In July 2019, we issued warrants to purchase 24,316 shares of common stock with an exercise price of $1.89 per share in connection with an agreement to sell card receivables to a third party. Fifty percent of the warrants are exercisable at least one year from the issuance date and the remaining warrants are exercisable at least two years from the issuance date subject to restrictions. The warrants had an issuance date fair value of $1.21 per share. We recognized $0.1 million in stock-based compensation within general and administrative expense in our consolidated statements of operations and comprehensive loss for the year-ended December 31, 2019. There are 24,316 of such warrants outstanding as of December 31, 2020. The warrants expire on the tenth anniversary after the award date.
Preferred Stock
We have six classes of preferred stock authorized and outstanding as of December 31, 2020: Seed 1, Seed 2, Series A, Series B, Series C and Series D preferred stock (collectively referred to as “Preferred Stock”). The holders of Preferred Stock have various rights and preferences as follows:
Dividends
Holders of Preferred Stock are entitled to receive, on a pari passu basis, noncumulative dividends at the rate of 6% per annum of their applicable original issue price per share (as adjusted for any stock dividends, stock splits, combinations, or other similar recapitalizations), payable only when, as and if declared by the board of directors and only out of funds that are legally available therefor. No dividends have been declared or paid on the Preferred Stock through December 31, 2020.
Liquidation
In the event of any voluntary or involuntary liquidation, dissolution or winding up of the Company, the holders of Series D Preferred Stock (“Senior Preferred”), on a pari passu basis, shall be entitled to be paid out of the assets of the Company available for distribution to its stockholders, prior and in preference to any payment to the holders of Seed 1, Seed 2, Series A, Series B and Series C Preferred Stock (“Junior Preferred”) and common stock, the greater of (i) an amount per share equal to the original issue price plus any dividends declared but unpaid thereon and (ii) an amount per share as would have been paid had all shares of Series D preferred stock been converted into common stock. After the payment in full of all liquidation preference amounts required to be paid to the holders of Senior Preferred Stock, the holders of Junior Preferred stock, shall be entitled to be paid out of the assets of the Company available for distribution to its stockholders, prior and in preference to any payment to the holders of common stock, an amount per share equal to the original issue price plus any dividends declared but unpaid thereon.
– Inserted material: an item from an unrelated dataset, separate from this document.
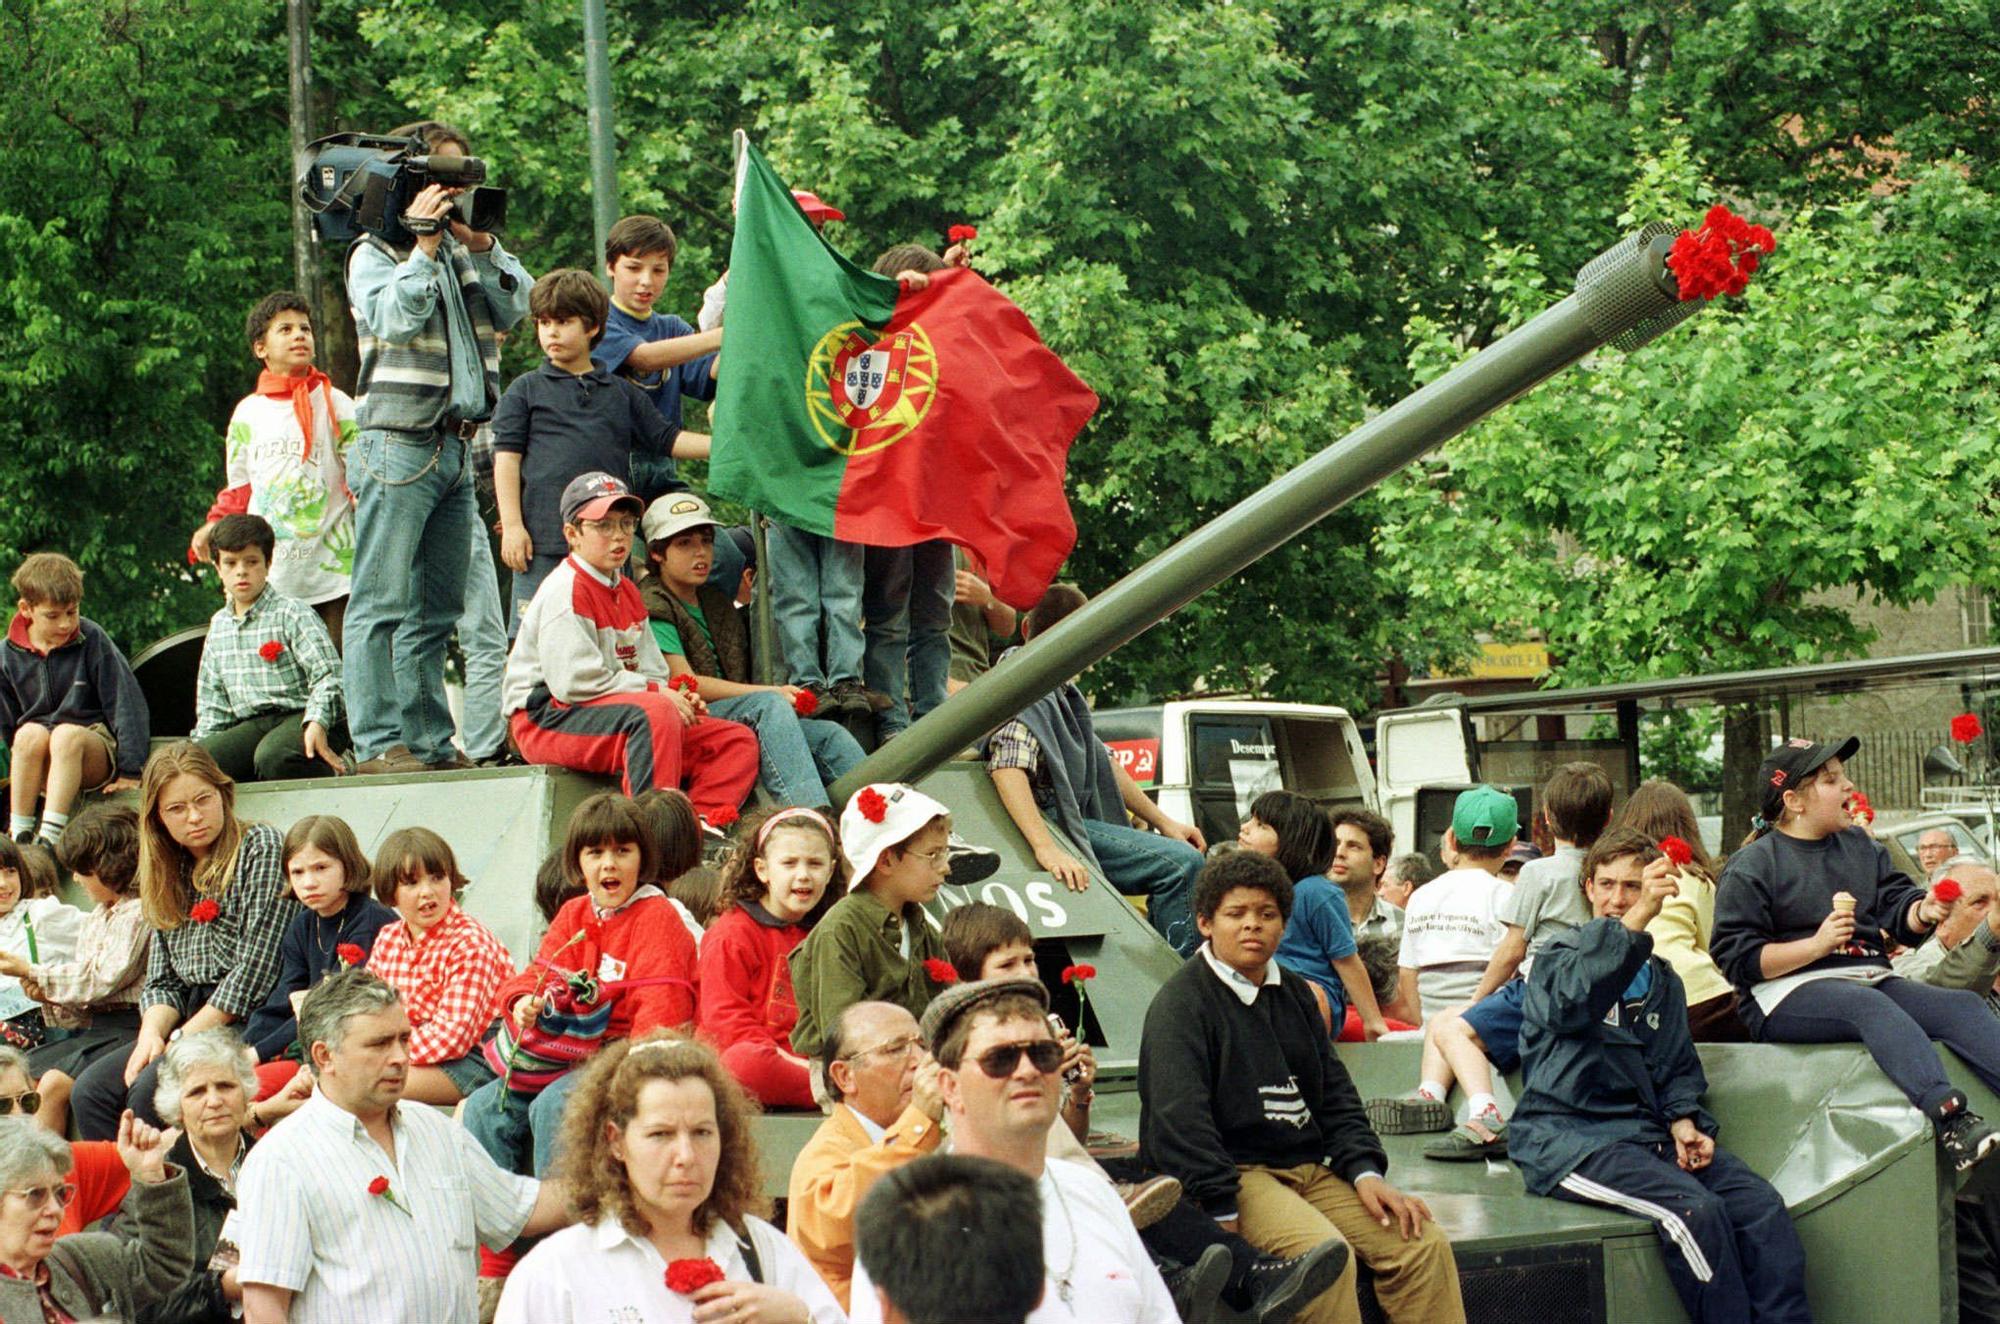 Celebración del 23 aniversario de la Revolución de los Claveles en Lisboa.Kids on top of a military tank hold up carnations singing during the demonstration celebrating the 23th anniversary of the Carnations Revolution in Lisbon's Liberdade Avenue, Friday April 25 1997. Carnations are the symbol of the 1974 Portuguese Revolution which was been made by the military, ending with 48 years of dictatorship government. (AP Photo/Luisa Ferreira) / Tanque.

After the payment in full of all liquidation preference amounts required to be paid to the holders of Senior Preferred stock and Junior Preferred Stok, the remaining funds are distributed with equal priority and pro rata among the holders of Junior Preferred and common stock.
Voting
Each holder of Preferred Stock is entitled to one vote for each share of common stock into which the preferred shares are convertible. The holders of Preferred Stock vote together with the holders of common stock as a single class on an as-converted basis, except as expressly provided in our certificate of incorporation or as required by law. The holders of common stock, voting exclusively and as a separate class, are entitled to elect one director. The holders of Seed 1, Seed 2, Series A, Series B and Series C preferred stock, each such series voting exclusively and as a separate class, are each entitled to elect one director.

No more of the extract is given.